[Bioperl-l] Extracting gene seq from Bio::DB::GFF

Fri Aug 11 21:36:27 UTC 2006

Many thanks Scott, 

At the same time I got your email I was coming to the same conclusion as
you.

Now I have a stranger problem in my hands... My goal is quite simple, I try
to get the sequence of the genes back from the Bio::DB::GFF database loaded
on MySQL. The gene list is from a file with one gene id per per line.

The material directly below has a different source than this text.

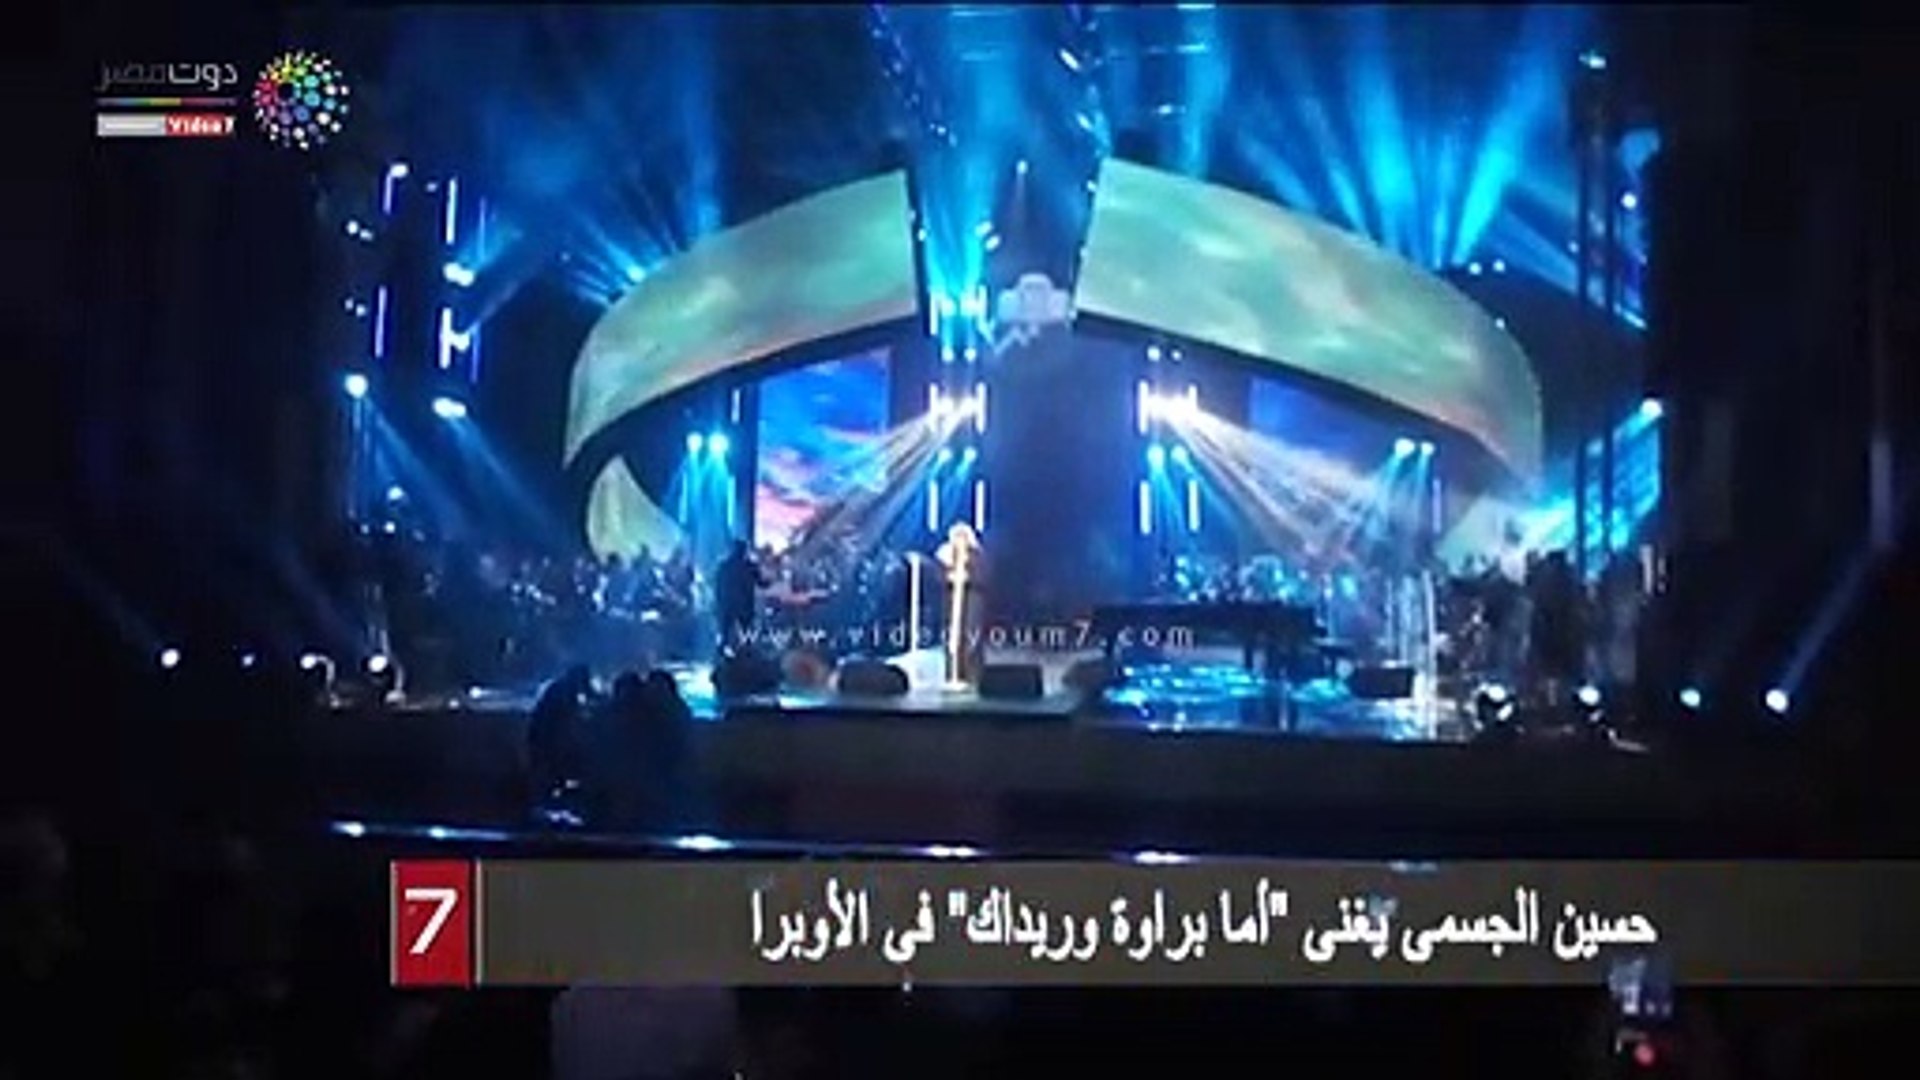 حسين الجسمى يغنى أما براوة وريداك فى الأوبرا فيديو Dailymotion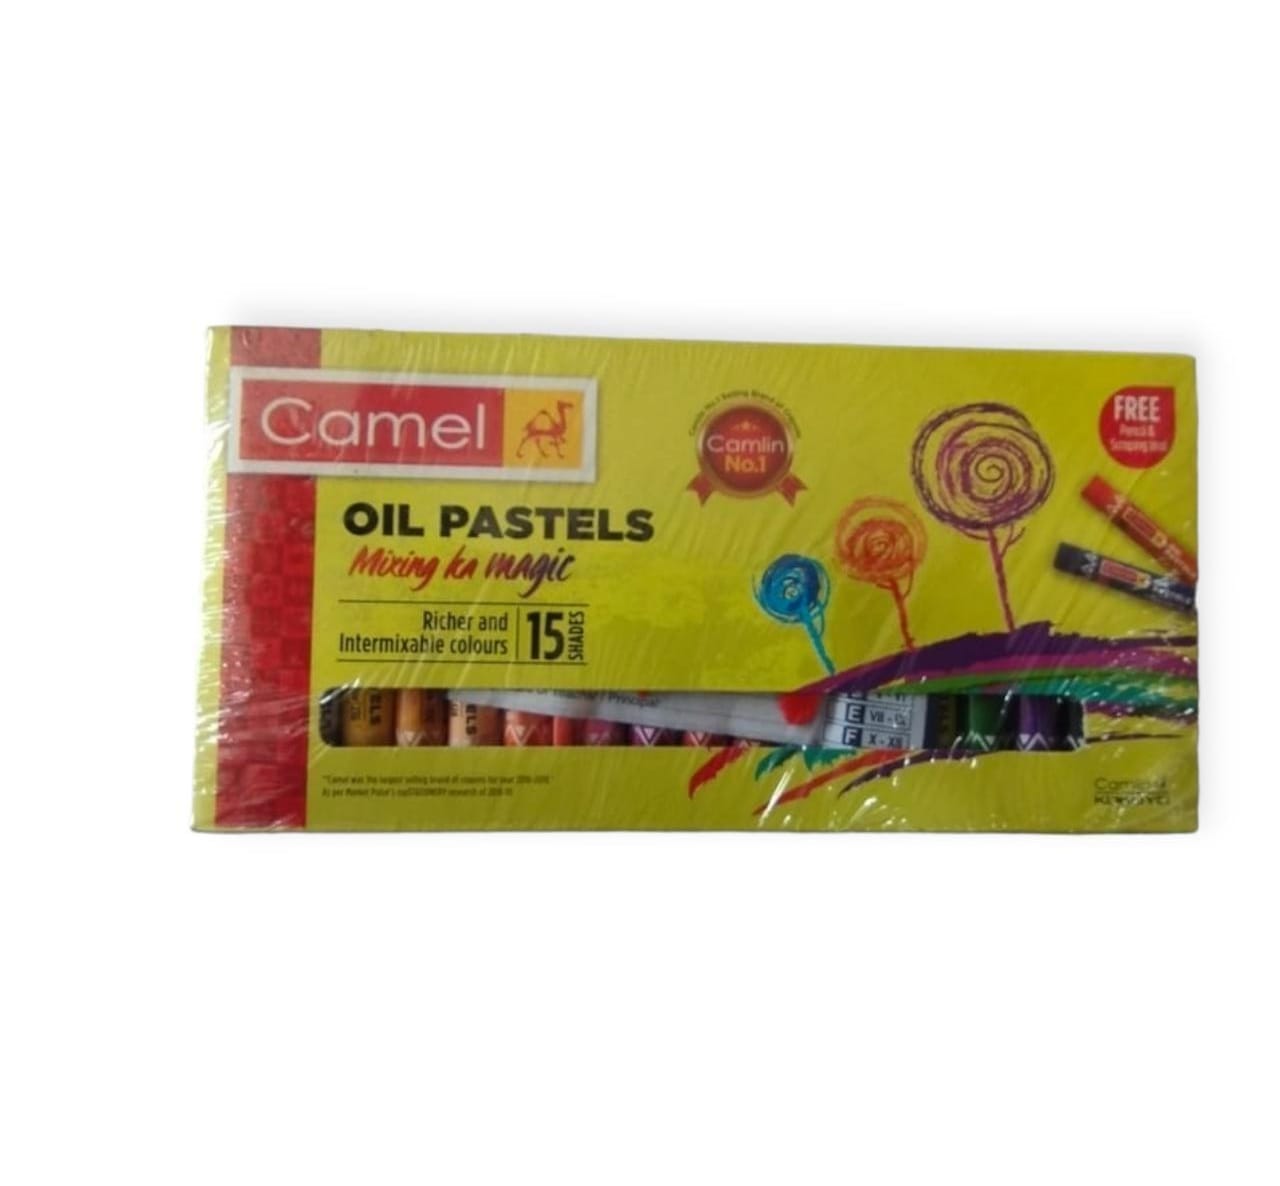 Camel oil pastels

When I
run the following script:

use Bio::DB::GFF;
use Bio::SeqIO;
my $out = Bio::SeqIO->new(    -fh => \*STDOUT,
                            -format => 'fasta');
my $db = Bio::DB::GFF->new( -adaptor => 'dbi::mysql',
                              -dsn => 'dbi:mysql:database=dmel_43_new');

while (<>){
    chomp;
    my $id = $_;
    my @feats = $db->get_feature_by_name($id);
    for my $f (@feats){
        $out->write_seq( $f->seq ) if $f->type =~/gene/;
    }
}

I get more sequence back than the number of gene in my input file. I double
check there. Some of the duplicated entries are the same, some are not!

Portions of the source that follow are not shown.